1. Method for advancing media from an entry point to an exit point with the steps:

• a) Rotating a first roller that separately contacts a first surface to press the media against the first surface to generate a first frictional force to frictionally push the media from the entry point toward a second roller, which is separated with a second surface is in contact;
• b) allowing the second roller to idle until the media contacts the second roller for a predetermined period of time;
• c) rotating the second roller to press the media against the second surface to generate a second frictional force to push the media towards the exit point by friction.

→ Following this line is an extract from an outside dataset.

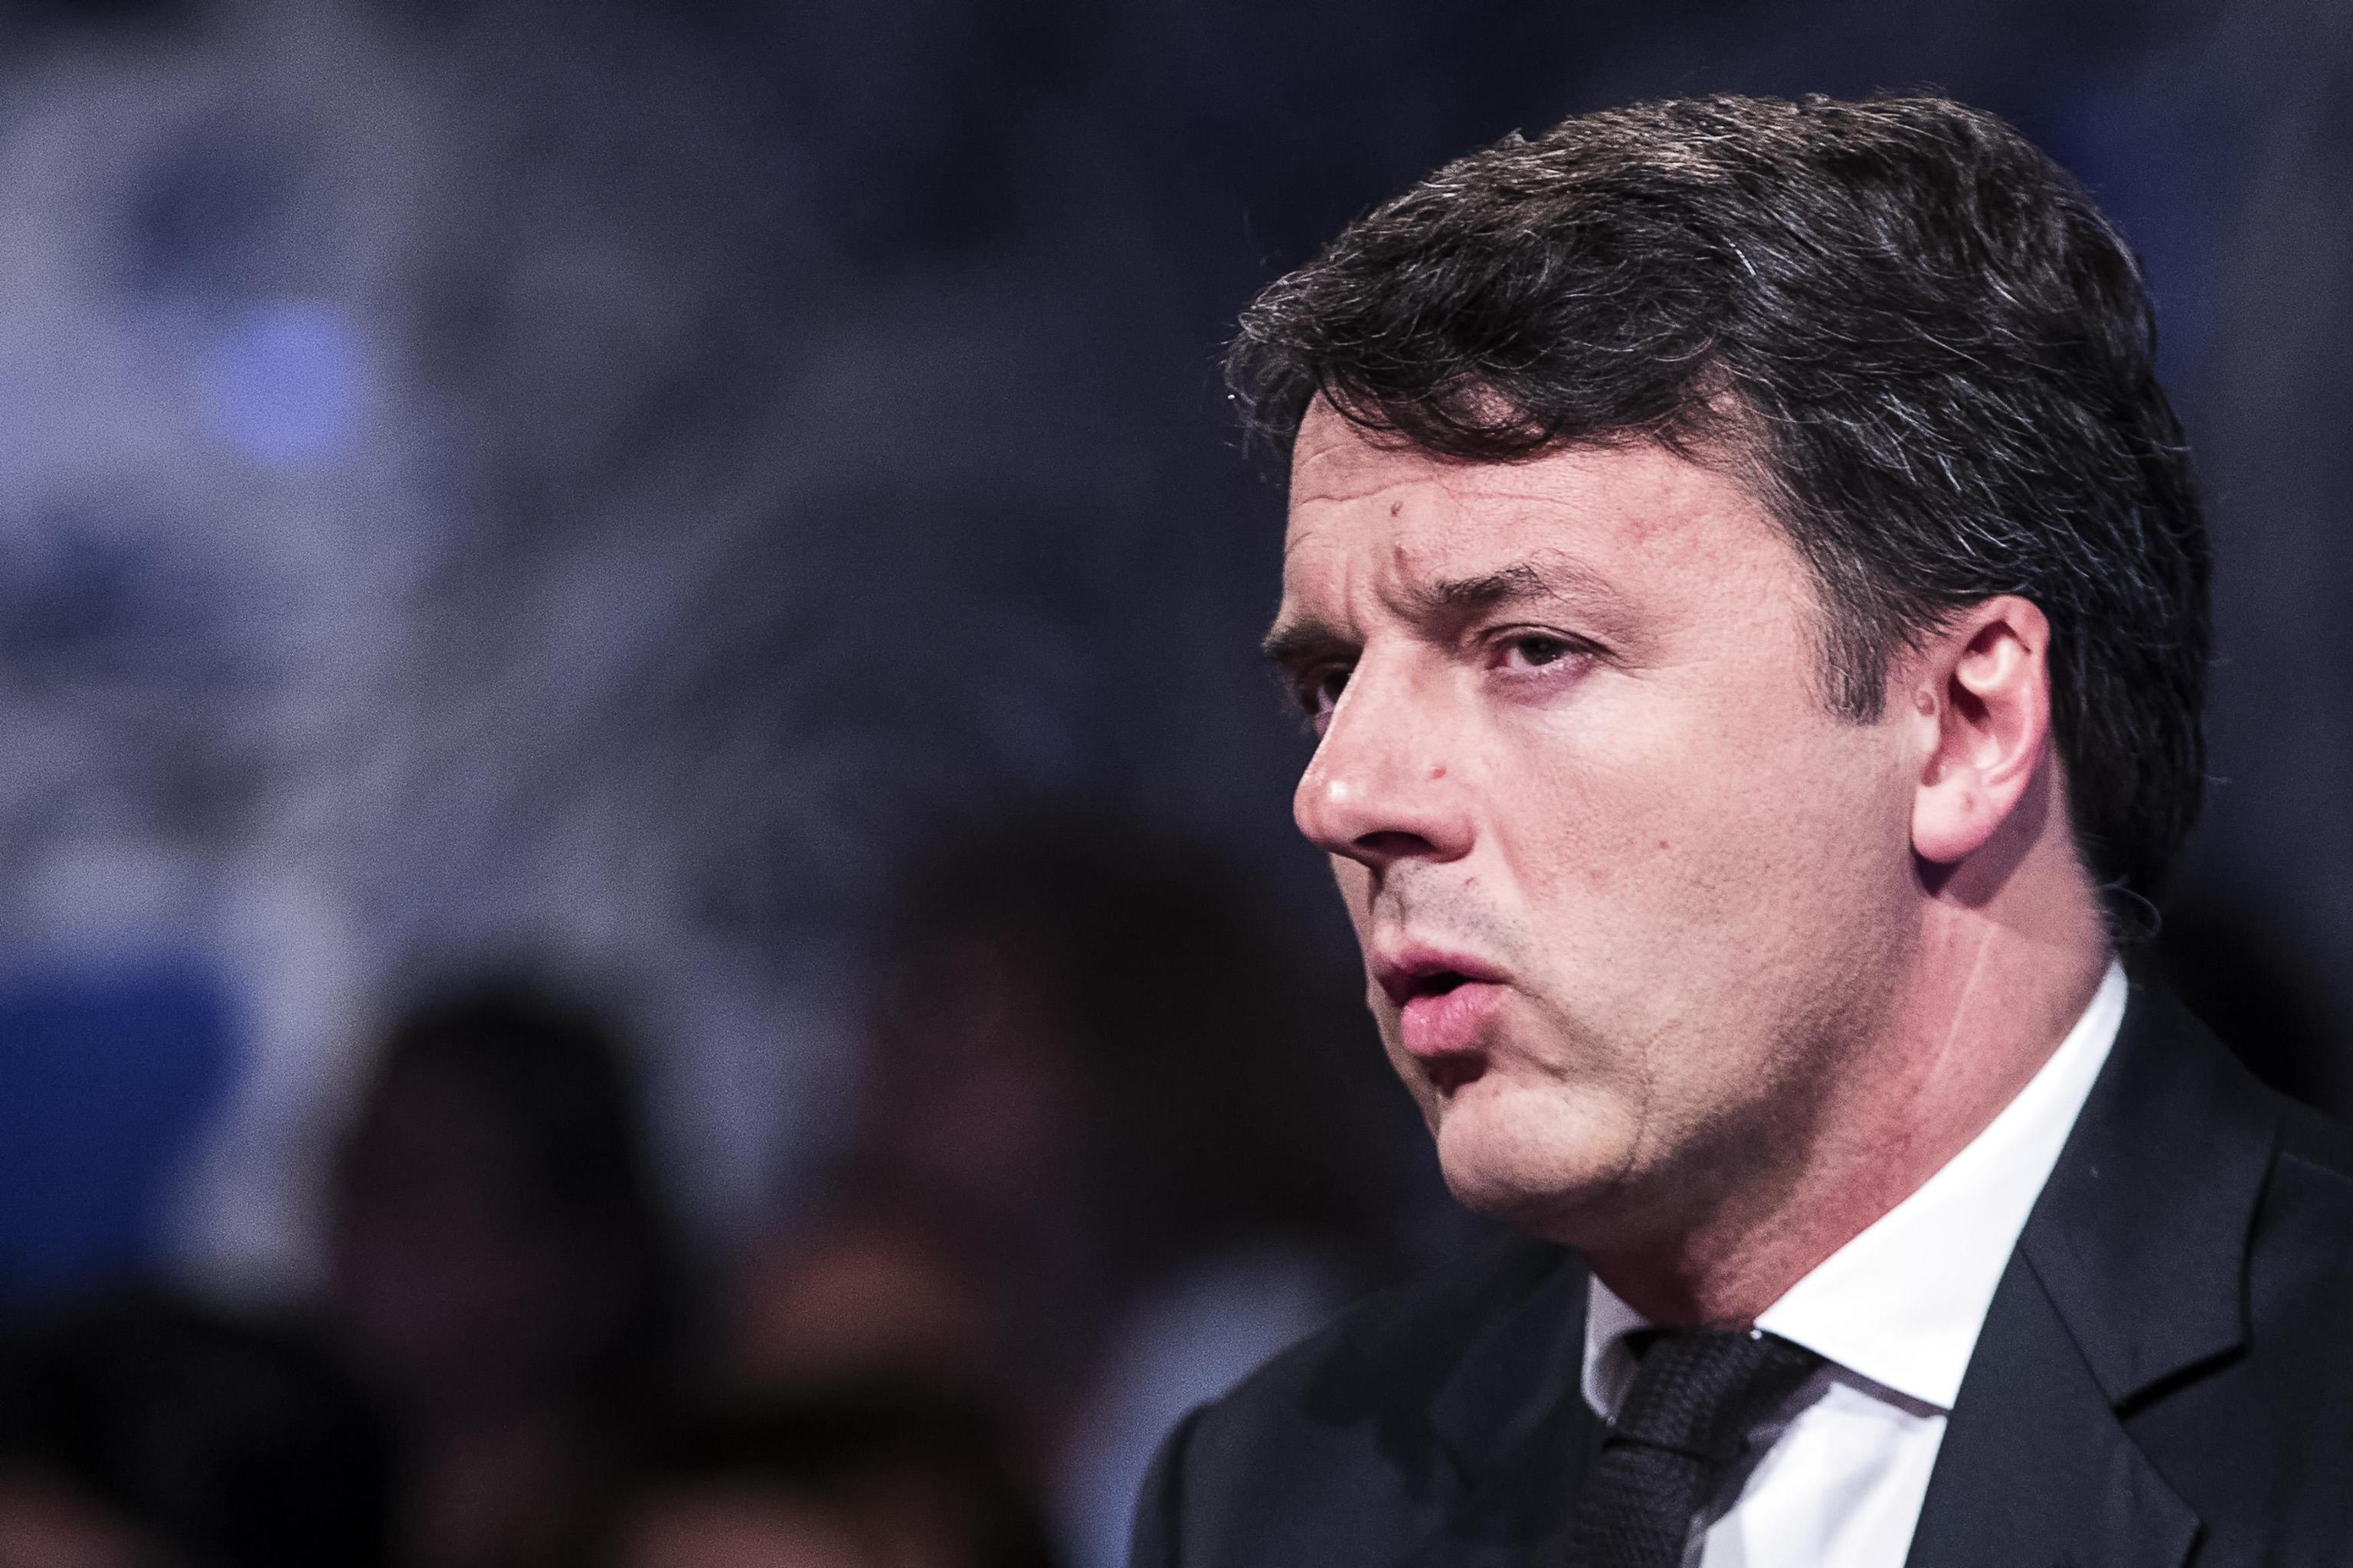 Banche: Pd ritirerà querela contro contestatrice Bologna

2. The method of claim 1, wherein when step (c) is performed, the first roller will run empty. 3. The method of claim 1, further comprising a step of pushing the media by friction in the direction of the first roller with a feed device before step (a). 4. An apparatus for advancing media from an entry point to an exit point, comprising:
an underframe having a first surface and a second surface;
a first roller supported by a first one-way bearing, the first roller separately contacting the first surface to generate a first frictional force to frictionally push the media from the entry point to a second roller, the second roller passing through a second one-way bearing is supported, the second roller separately contacting the second surface to generate a second frictional force to frictionally push the media conveyed by the first roller to the exit point. 5. The apparatus of claim 4, wherein the first roller is rotated about a first axis and the second roller is rotated about a second axis which is in relation to the first axis  is substantially parallel, and the first roller and the second roller in the same Direction. 6. The device of claim 4, further comprising a feed device for pushing the media by friction from the entry point towards the first roller. 7. The apparatus of claim 4, wherein the first surface on a movable plate is trained. 8. The apparatus of claim 4, wherein the media are sheets of paper. 9. An apparatus for advancing media from an entry point to an exit point, comprising:
an underframe having a first surface and a second surface;
a feed device used to push the media by friction from the entry point to a first roller, the first roller being supported by a first one-way bearing, the first roller separately contacting the first surface to generate a first frictional force to pushing the media conveyed by the feed device to a second roller by friction, the second roller being supported by a second one-way bearing, the second roller separately contacting the second surface to generate a second friction force to push the media that is being carried by the first roller to the exit point by friction. 10. The apparatus of claim 9, wherein the first roller is rotated about a first axis and the second roller is rotated about a second axis which is in relation to the first axis is substantially parallel, and the first roller and the second roller in the same Direction. 11. The apparatus of claim 9, wherein the first surface on a movable plate is trained. 12. The apparatus of claim 9, wherein the media are sheets of paper.